As he remembered, the numb sensation left his body. He had betrayed her but he would redeem himself, he would make it up to her. And he would start–by avenging her death. Silent, he sunk his fingers into the ground and began to remember farther back.

“Humans are merely cattle, my boy,” the voice said. “Pawns in our little games, toys we use to entertain ourselves.”

Yes, cattle, pawns, toys, he thought as he clenched his teeth, shut his eyes. They didn’t deserve to live. They deserved to be destroyed!

Another memory came back to him without him willing it to. “Do you know what kind of a name Gabriel is?” she had asked, studying him.

He looked at her. “No.”

She had smiled then, a small little smile as she handed him a bowl of soup, let him drink himself. “Gabriel is the name of an angel. You are named after an angel.”

He had looked at her oddly then. “I am no angel.” She had told him what angels were and he knew for a fact he was not an angel.

She had chuckled. “No … But you could be a sort of angel, if you wanted to. Or … more like a guardian. Yes, a guardian angel. To humans.”

He had snorted. “You humans are weak if you need someone to protect you all the time.”

She had blinked and looked as if he had slapped her. Then she had smiled again. But this smile was … different. It made him feel … like he had done something wrong. “Yes but … we have a strength all our own. Just like you have a strength all your own. I hope one day … you use your strength for the right reasons …”

He opened his eyes, looked down at his hands which had become claws. Perhaps he could make it up to her after all. He stood and peered over the brush to the camp beyond…


“Momma! Momma!” the little boy cried as he ran into her arms.

His mother caught him easily and cradled him against her. He was growing so quickly, her little baby. In no time at all, he would be running around, getting into the type of trouble only growing boys could. “What is the matter, little one?” she asked as she stroked his hair.

“A stranger! A stranger!” the little boy cried.

“A stranger?” On one hand, it could have been just a child’s fear but on the other … These were strange woods.
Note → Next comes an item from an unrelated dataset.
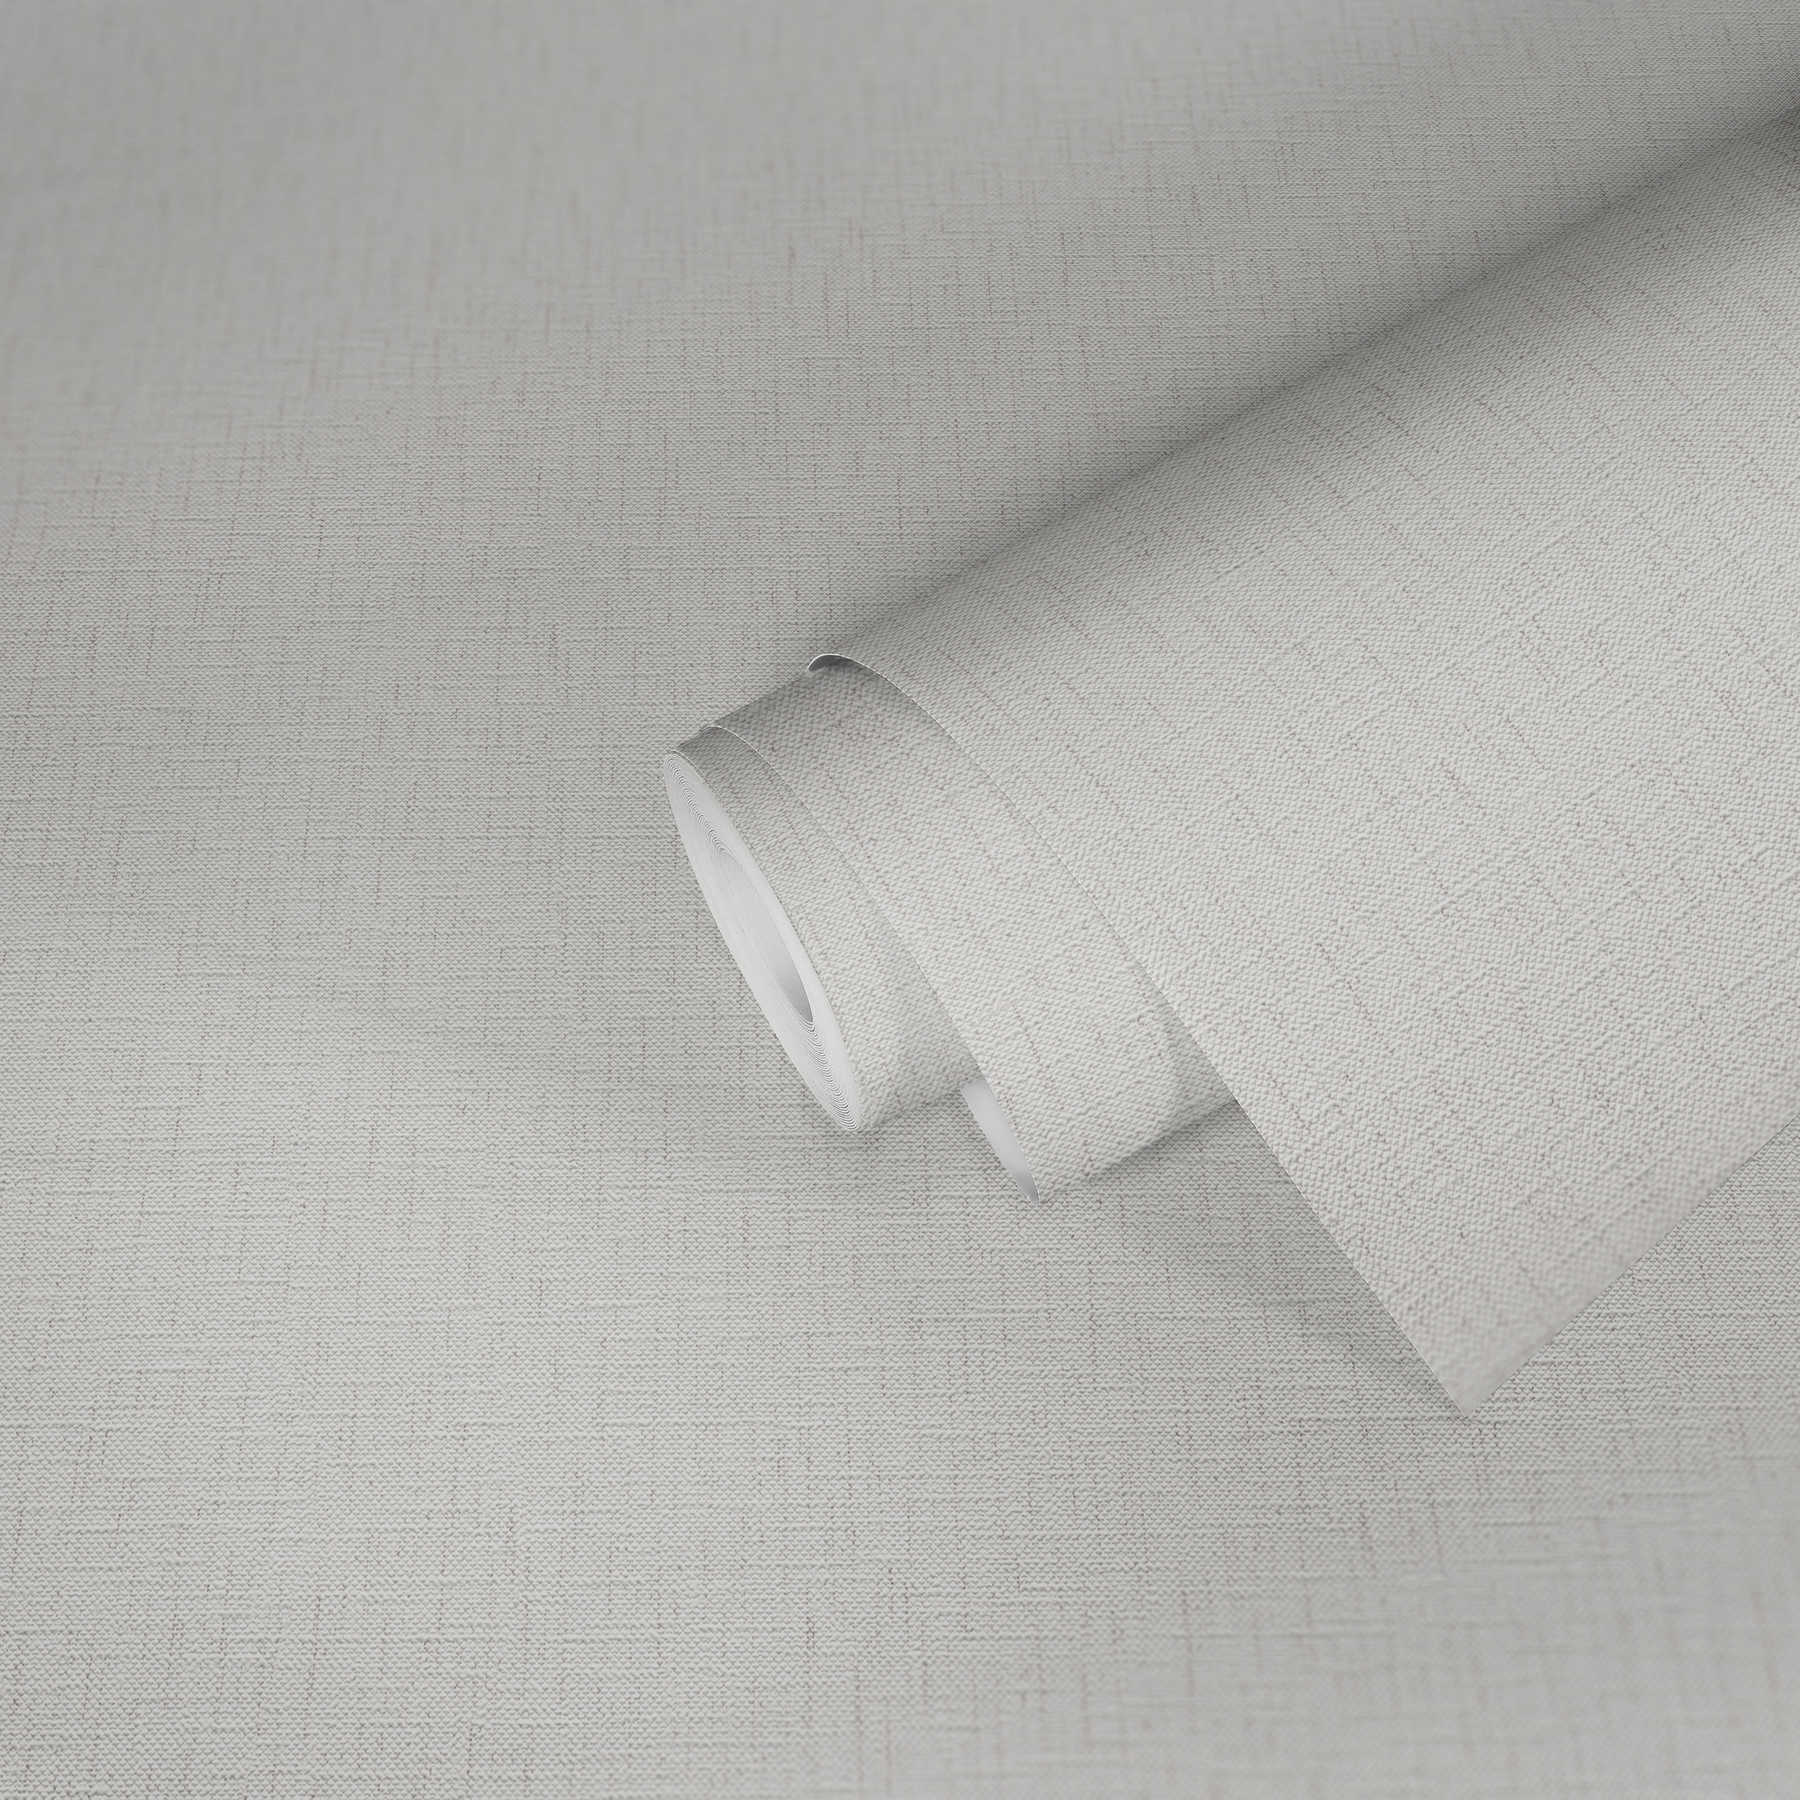             Papier peint aspect textile avec teinture chinée - gris, blanc

It was best to put him at ease before she thought of doing anything else. “And where is this stranger, my little one?”

“Over there!” the boy lifted his head and pointed across the clearing.
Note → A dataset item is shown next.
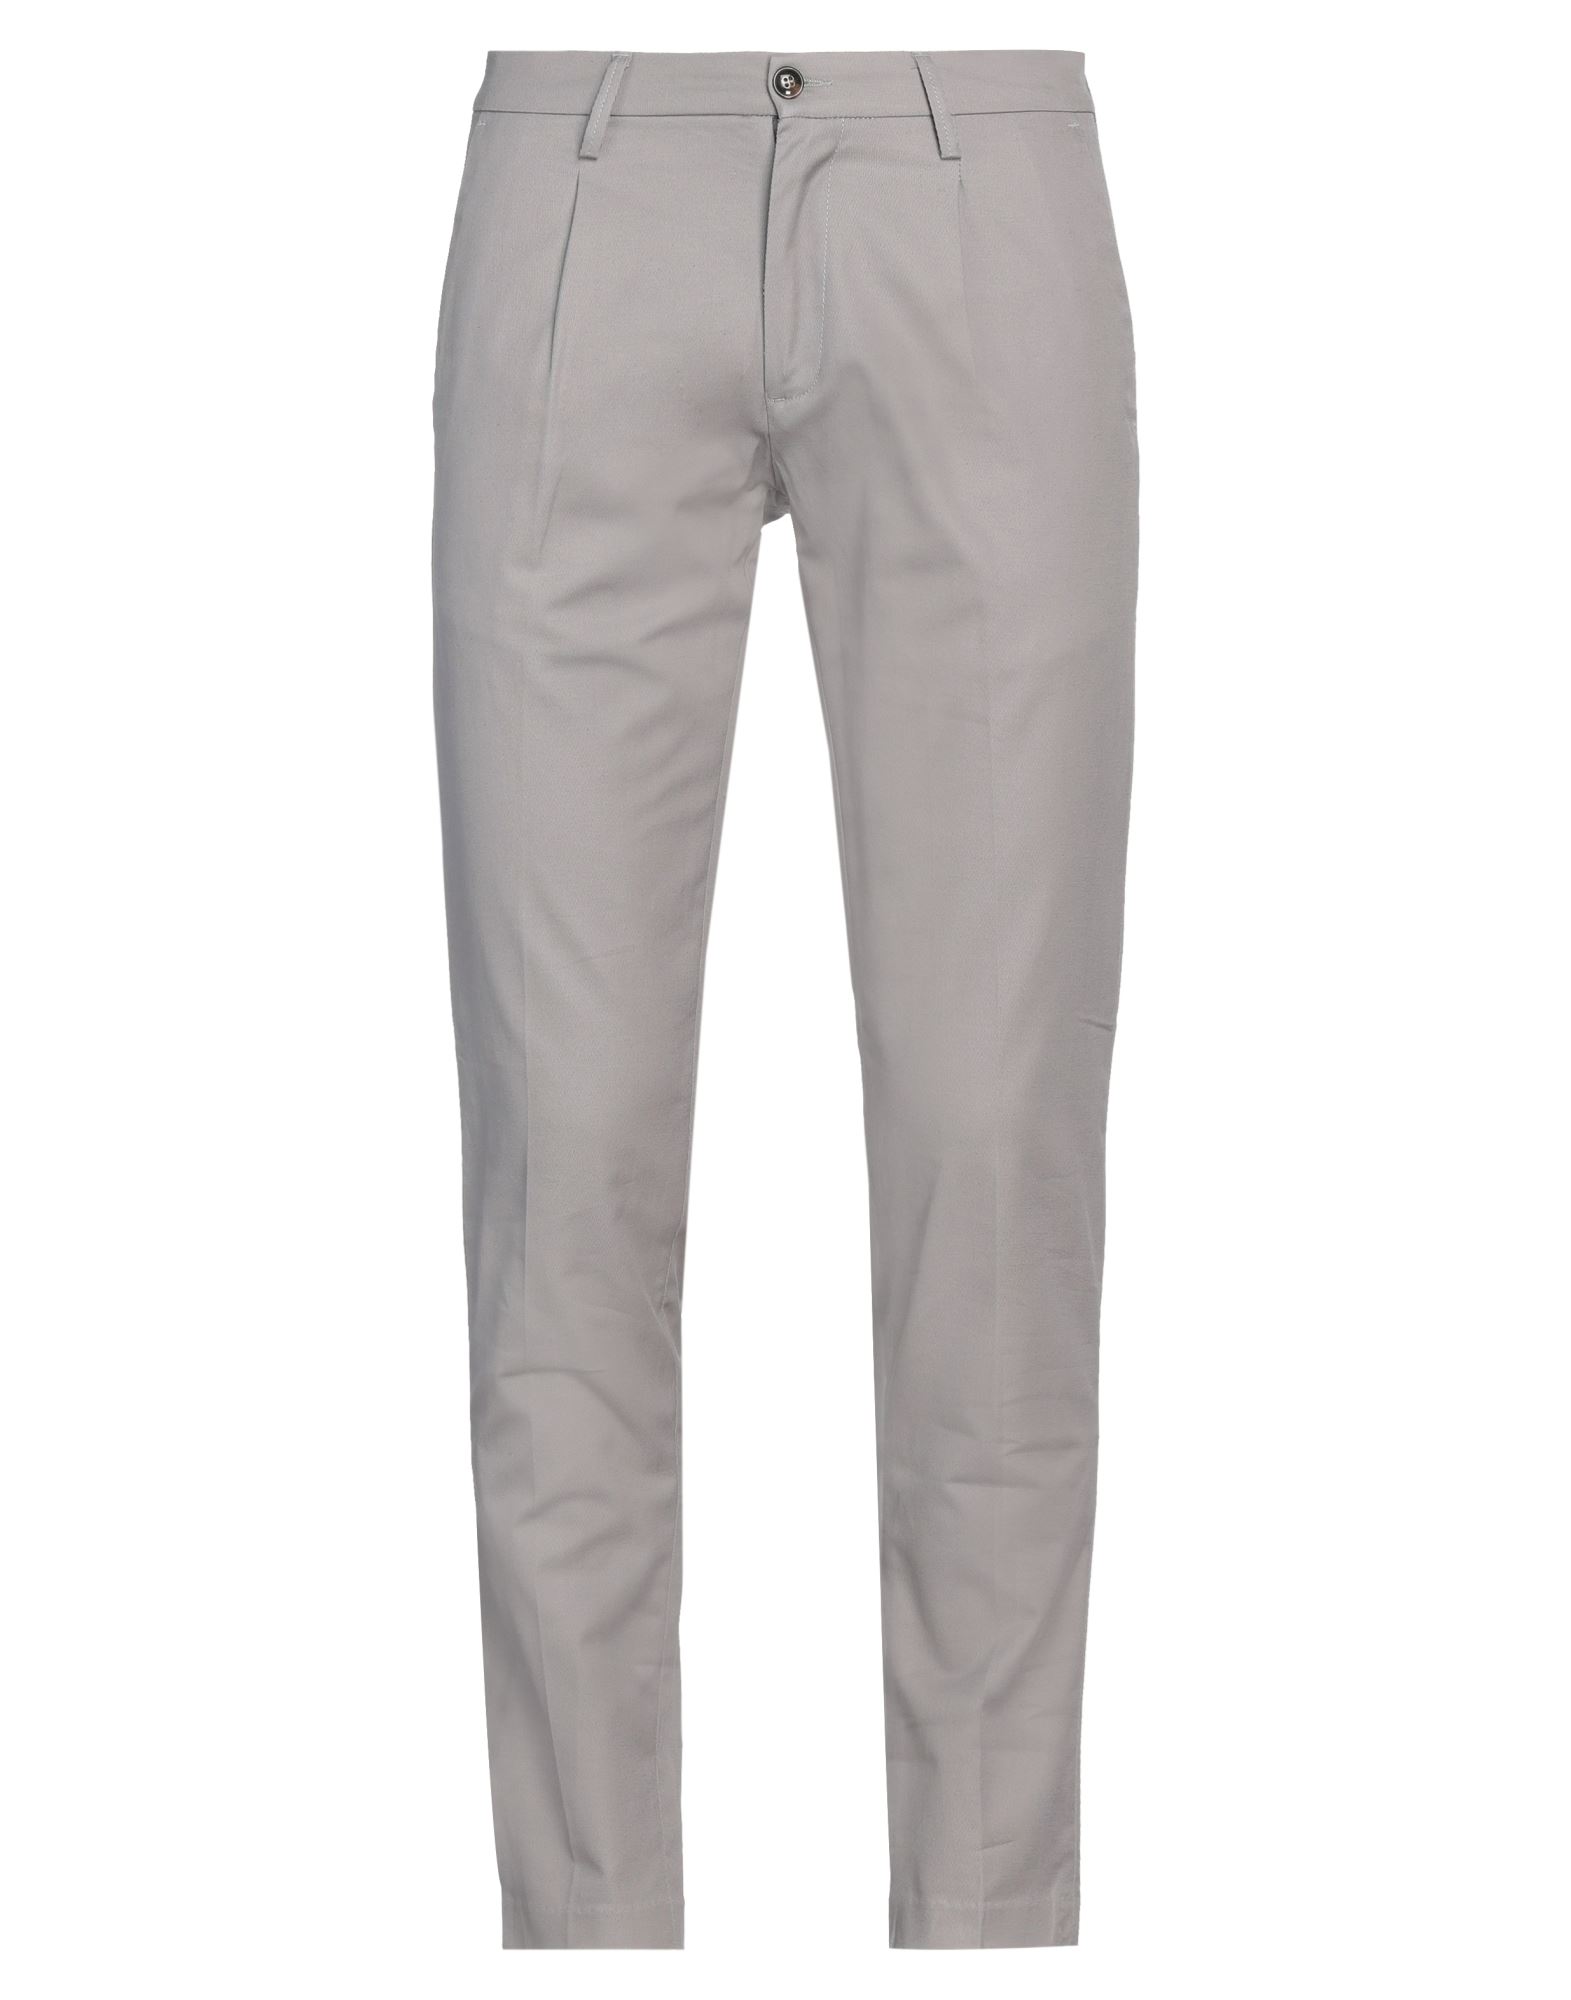 Shop Liu •jo Man Man Pants Grey Size 26 Cotton, Linen, Elastane

The mother smiled as she turned in the direction he had pointed, ready to tell him it was nothing–only to freeze. It was like something out of a dream. A stranger with such a dark and intense aura, staring at her with something that shifted from malevolence to indifference and back again. She was about to scream for help when she met his eyes. There was something about those eyes. Loss. Despair. Darkness. It sent shivers down her spine and made her feel so vulnerable, so open, so human … No matter how much she wanted to look away, he held her gaze and it felt like ages had passed.